Farmers in new court challenge


Vincent Kahiya

COMMERCIAL farmers who lost their land under the fast-track resettlement programme have regrouped to launch what could be the biggest constitutional challenge yet to Zimba

bwe’s tainted agrarian reform.




The farmers, under the banner of Justice for Agriculture (Jag), have hired top South African advocate Win Trengove SC to represent one of them, George Quinnell, in a test case challenging the constitutionality of eviction notices served on commercial farmers and the execution of the process by the government.


The Supreme Court should hear the case during this term and the suit is likely to open old wounds of the battle between farmers and government. The court challenge comes as government has already expropriated 98% of former white commercial land and has declared that the resettlement process has been concluded.


Trengove is a well-respected lawyer who has represented prominent people in South Africa including former President Nelson Mandela.


Jag vice president John Worsley-Worswick this week confirmed that the senior counsel would argue the constitutionality of the case together with a team of local lawyers.

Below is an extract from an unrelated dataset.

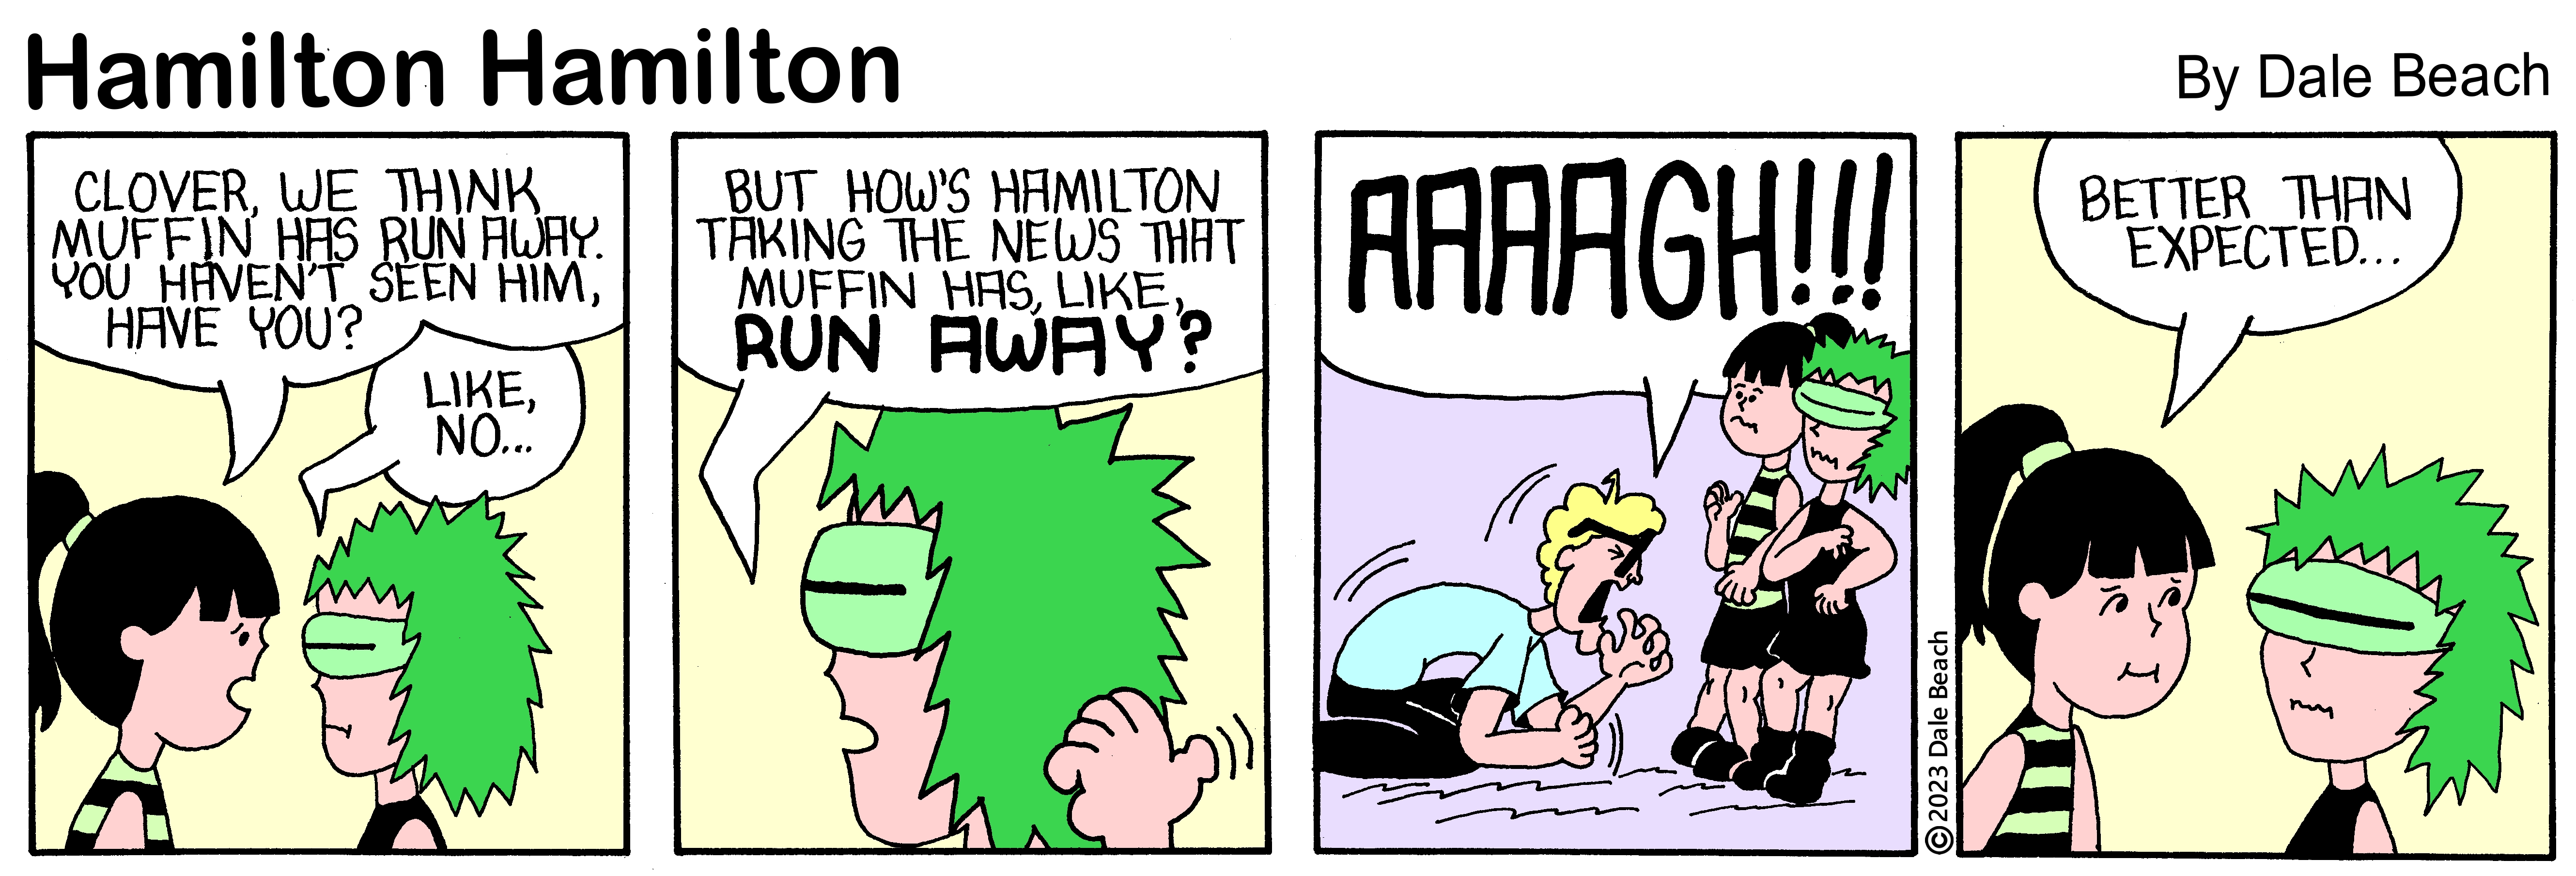 Hamilton Hamilton cartoon strip

Trengove becomes the third South African lawyer to argue a high-profile case of late after the MDC secured the services of Advocates George Bizos and Jeremy Gauntlet to represent the party in the treason trial and election petition respectively.


In 1998 Trengove represented Mandela in an application by the South African Rugby Union which had petitioned the court to set aside the appointment of a judicial commission into the sport’s affairs.

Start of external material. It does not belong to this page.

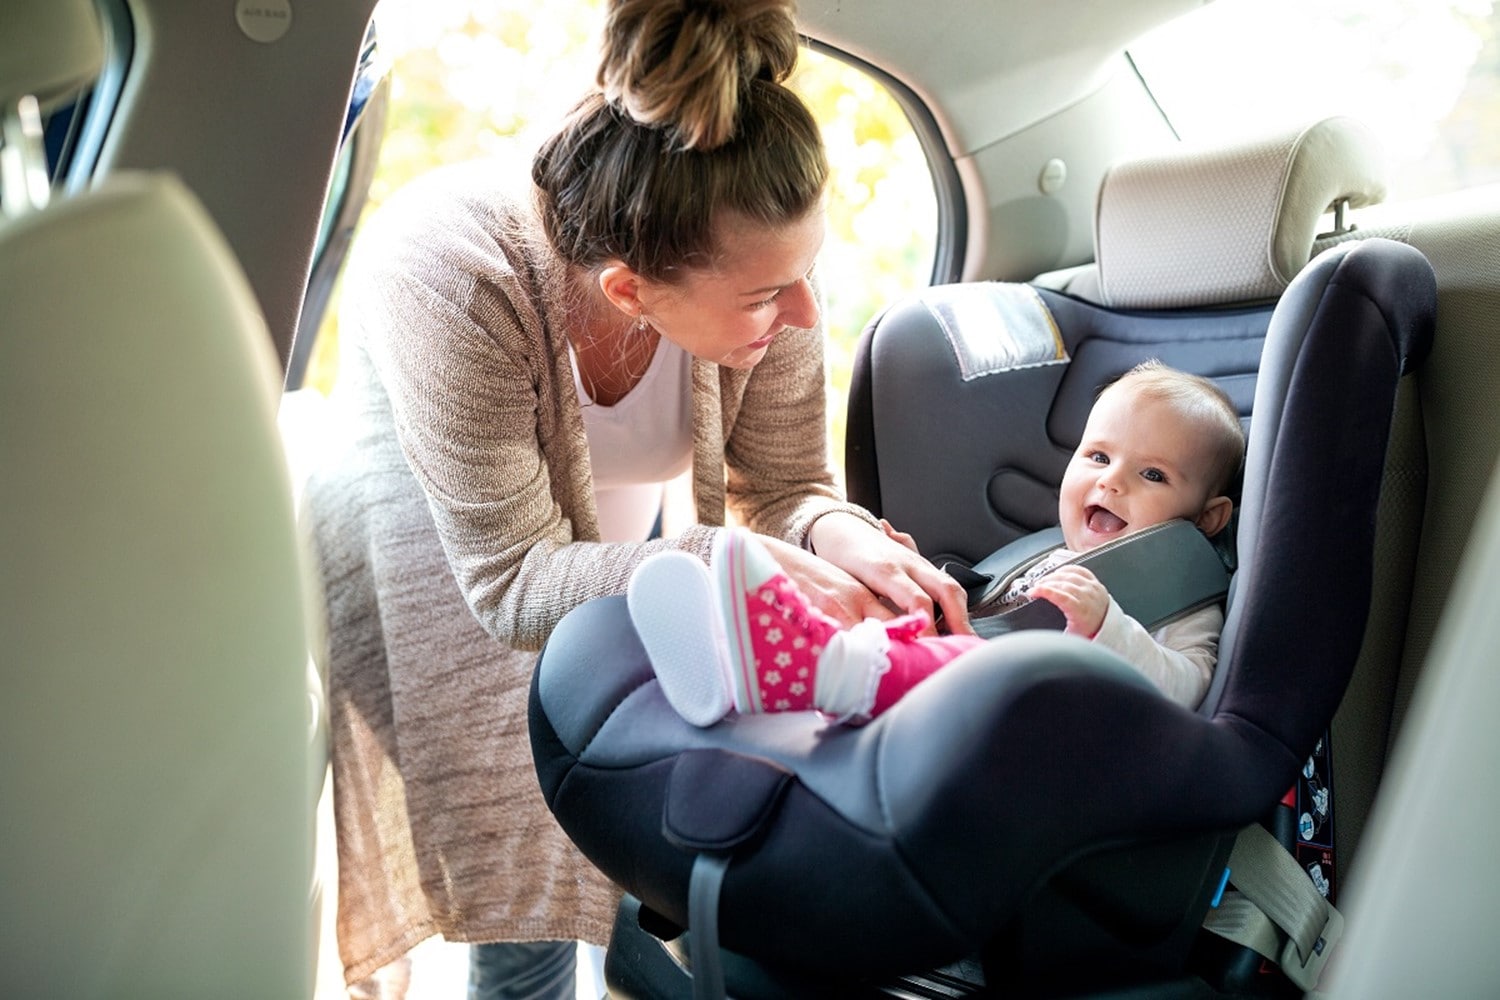 Child Car Seats in Hyundai

He also featured prominently as counsel to the Truth and Reconciliation Commission and in 2001 represented the United Cricket Board of South Africa in an appeal by the late former cricket star, Hansie Cronje, to have his life ban revoked.

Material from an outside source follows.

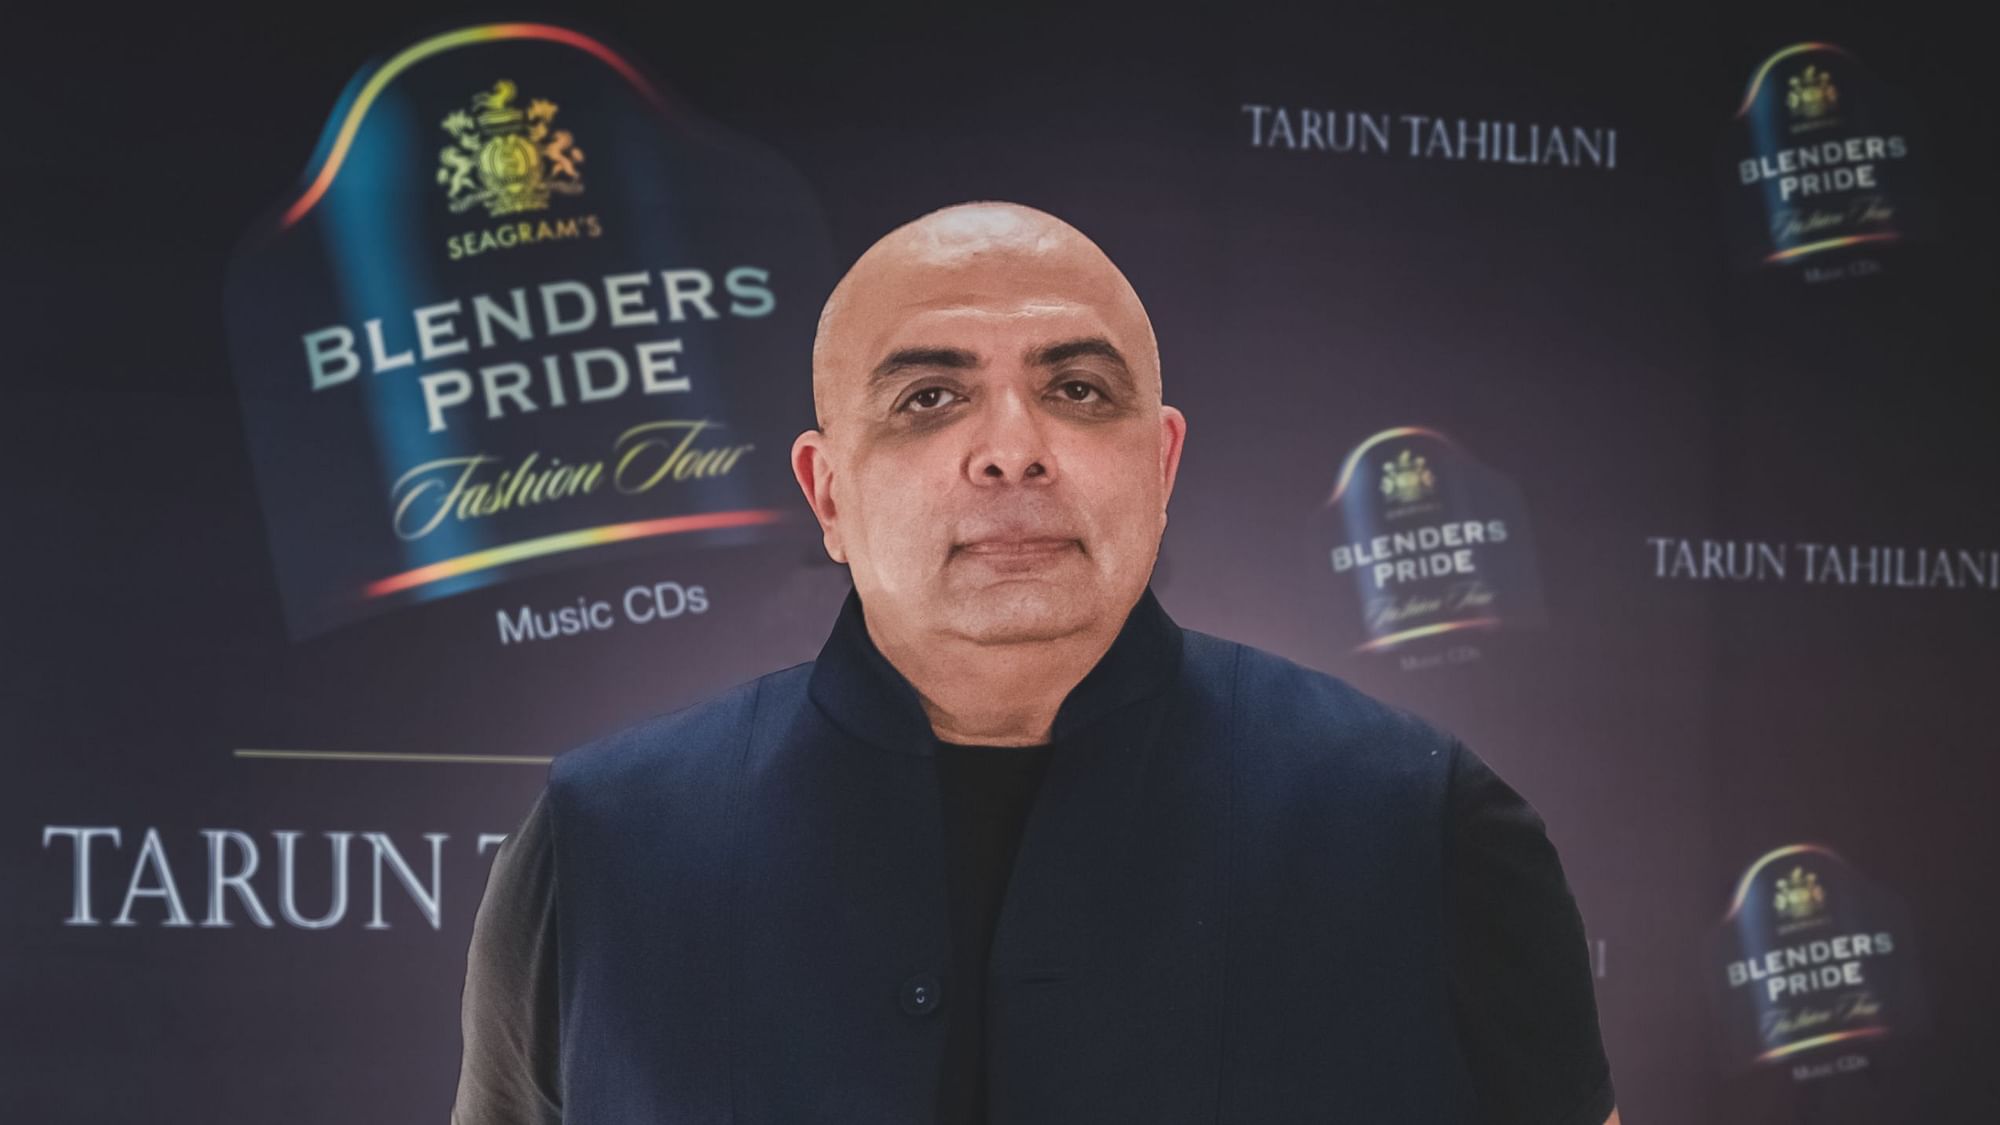 Tarun Tahiliani has completed 25 years in the fashion industry.

The biggest bone of contention in the suit is amendment number 6 to the Land Acquisition Act which in May last year gave the government powers to evict a farmer within 90 days after the service of a Section 8 notice. The 90-day period is considered grossly inadequate for a farmer to wind up operations, as cropping seasons are much longer than that.


Trengove will argue that the amendment contravenes property rights enshrined in the constitution as no compensation has been offered to evicted farmers.


Also under challenge is the fact that government was using a Section 8 notice as an eviction notice before cases had been confirmed by the Administrative Court.


Trengove will also argue that the government has failed to execute the resettlement exercise according to the law, as the process has been fraught with flaws, especially in the service of Section 5 and 8 notices.